* _INFORMATION SUPPLIED_:
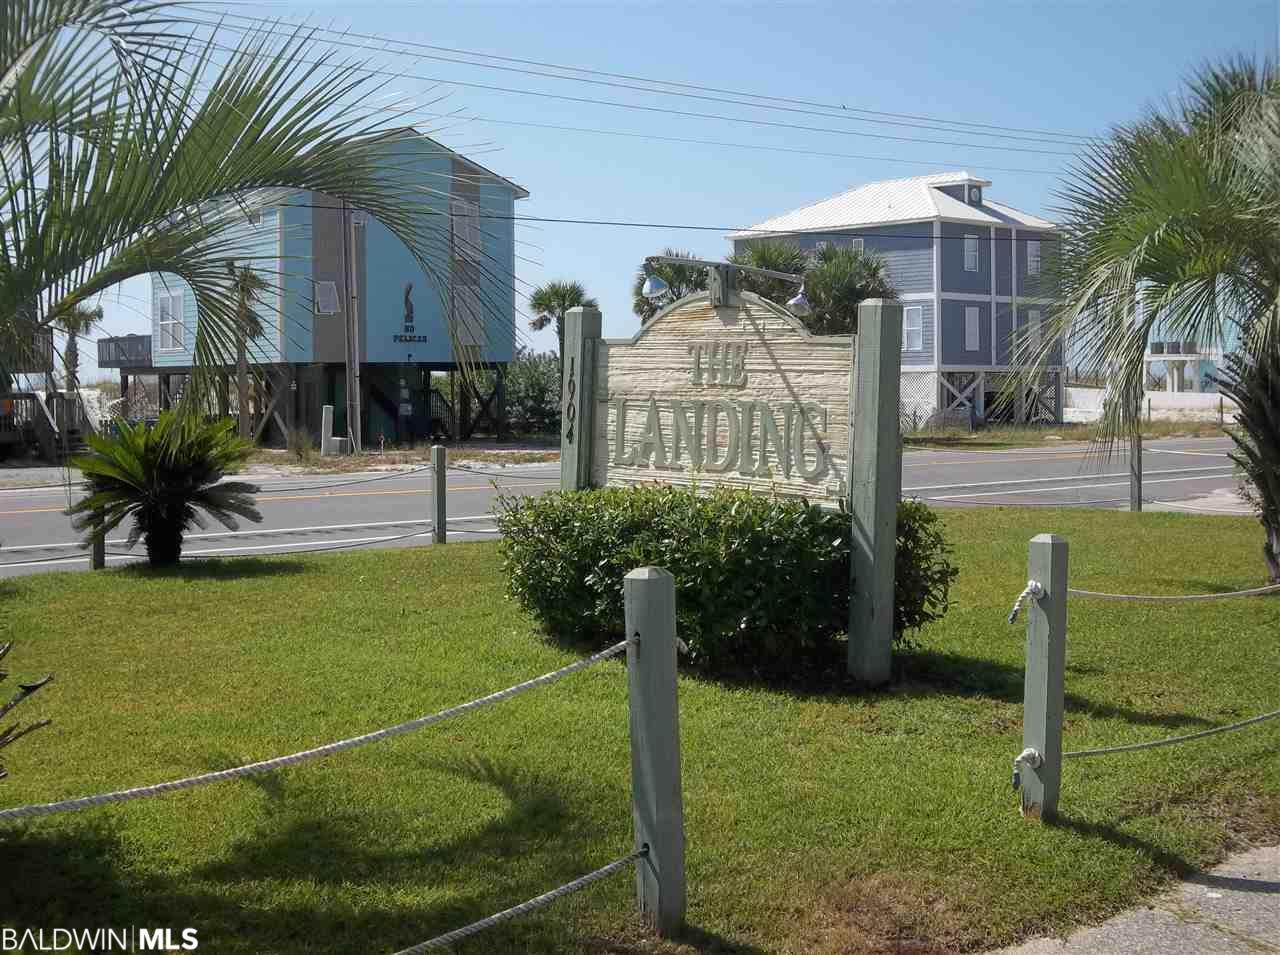 1904 W Beach Blvd 213, Gulf Shores, AL 36542
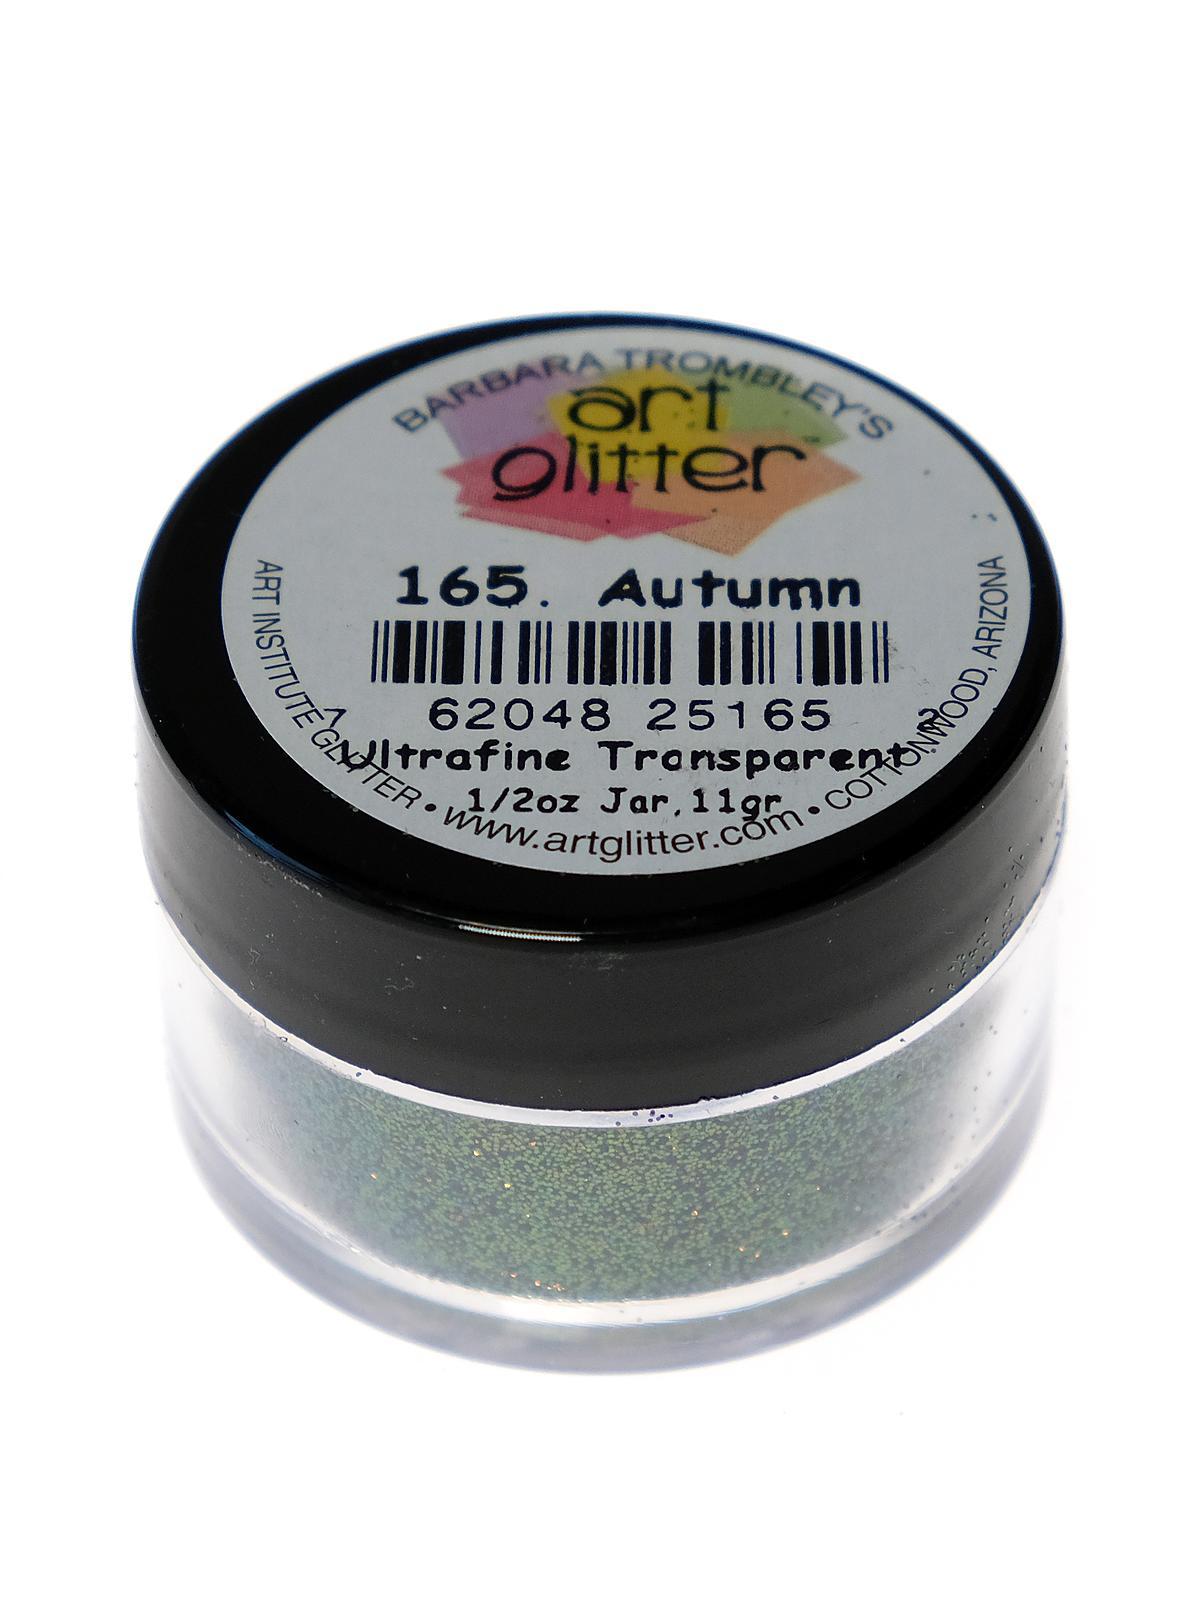 Ultrafine Transparent Glitter Autumn 1 2 Oz. Jar
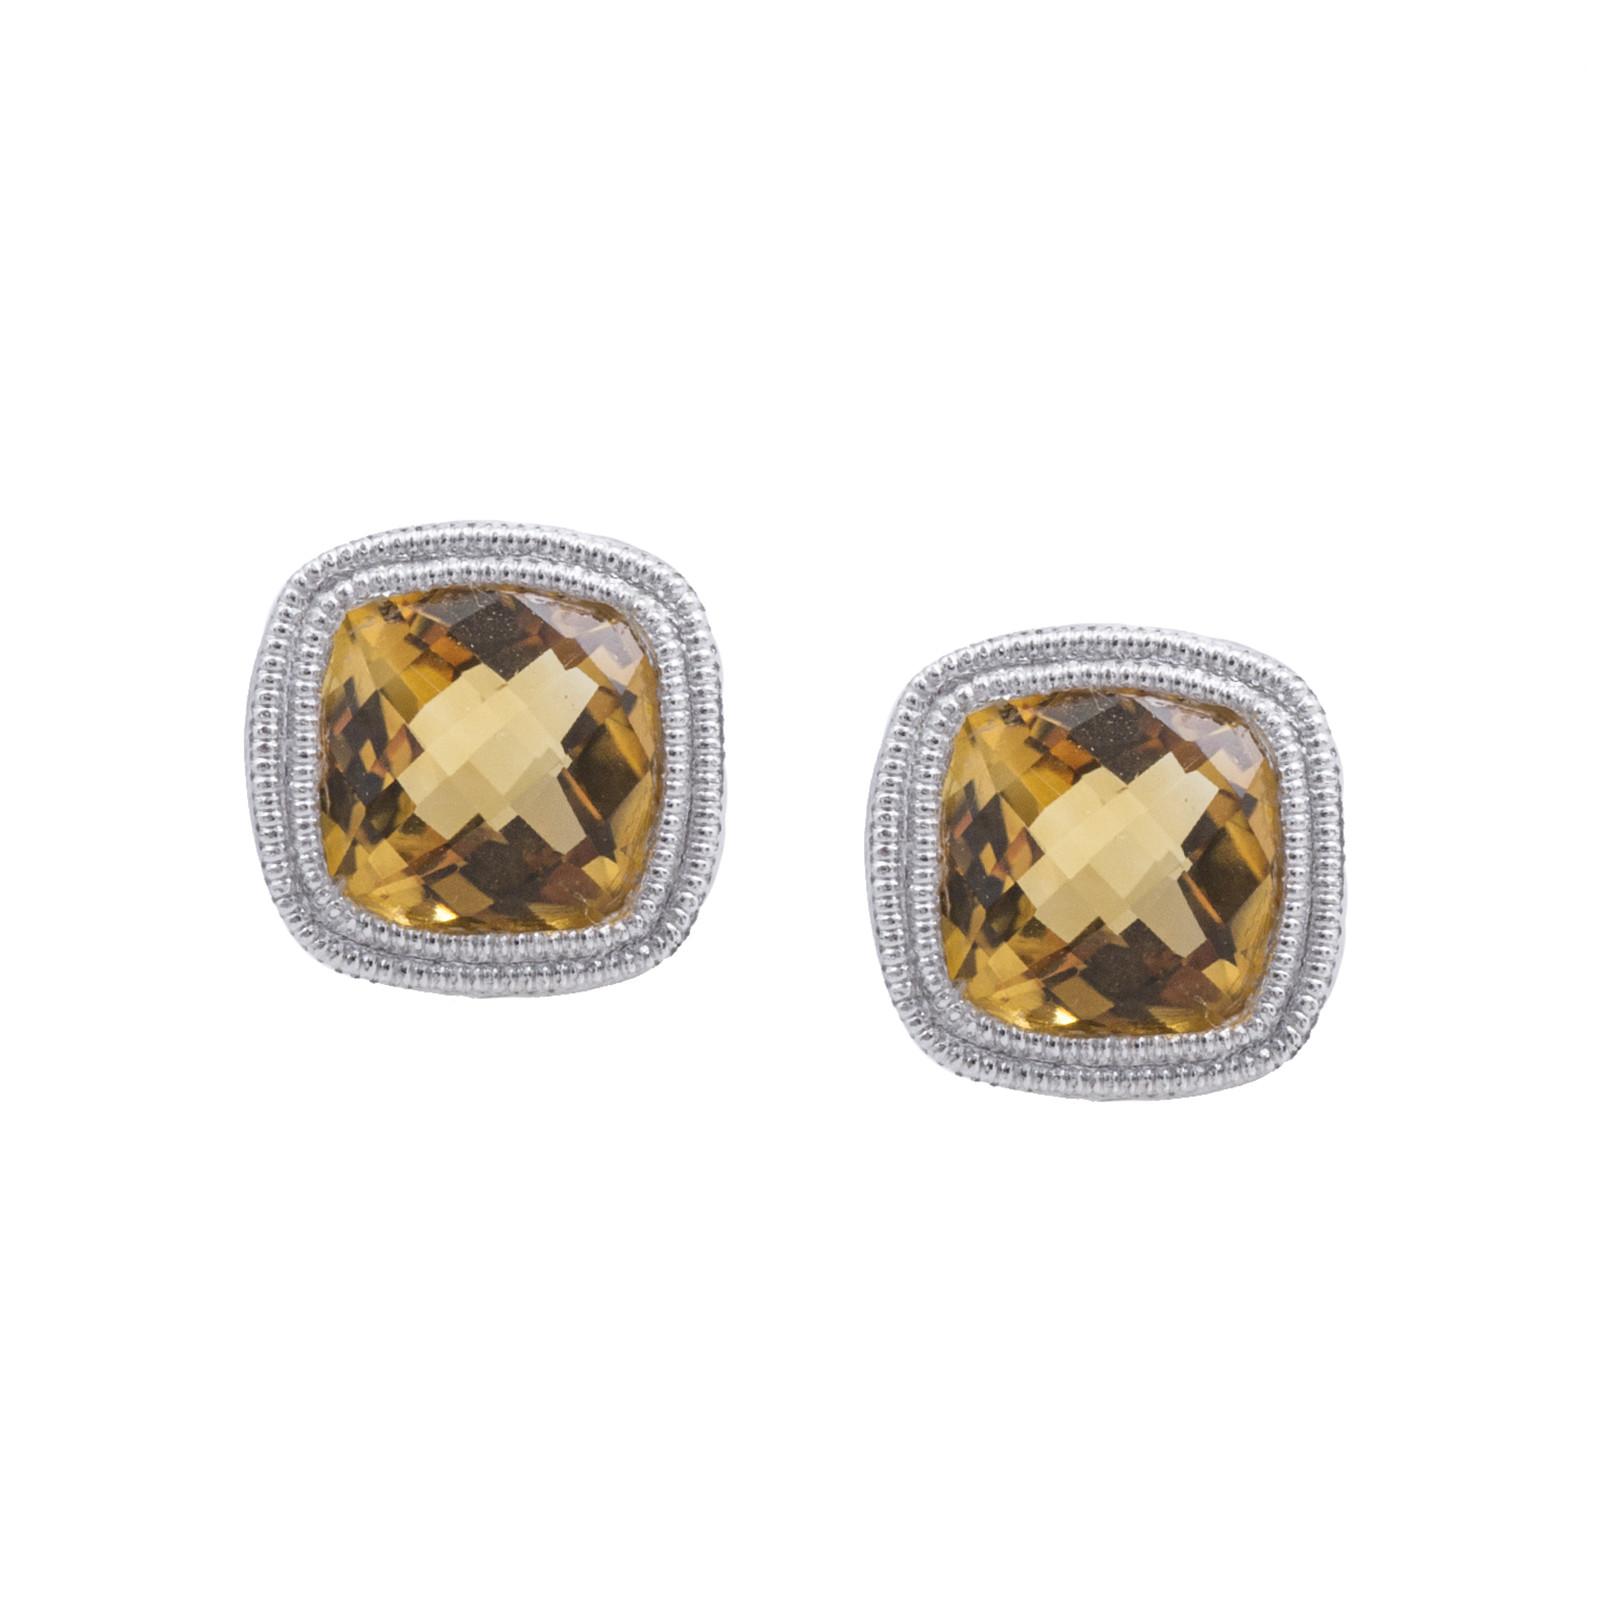 New 1.80 CTW Citrine Stud Earrings

* _WHAT IS REQUIRED_: The answer must be the listing above, restated word for word, with no images in it.

* _THE ANSWER_:
 1904 W Beach Blvd 213, Gulf Shores, AL 36542
 Ultrafine Transparent Glitter Autumn 1 2 Oz. Jar
 New 1.80 CTW Citrine Stud Earrings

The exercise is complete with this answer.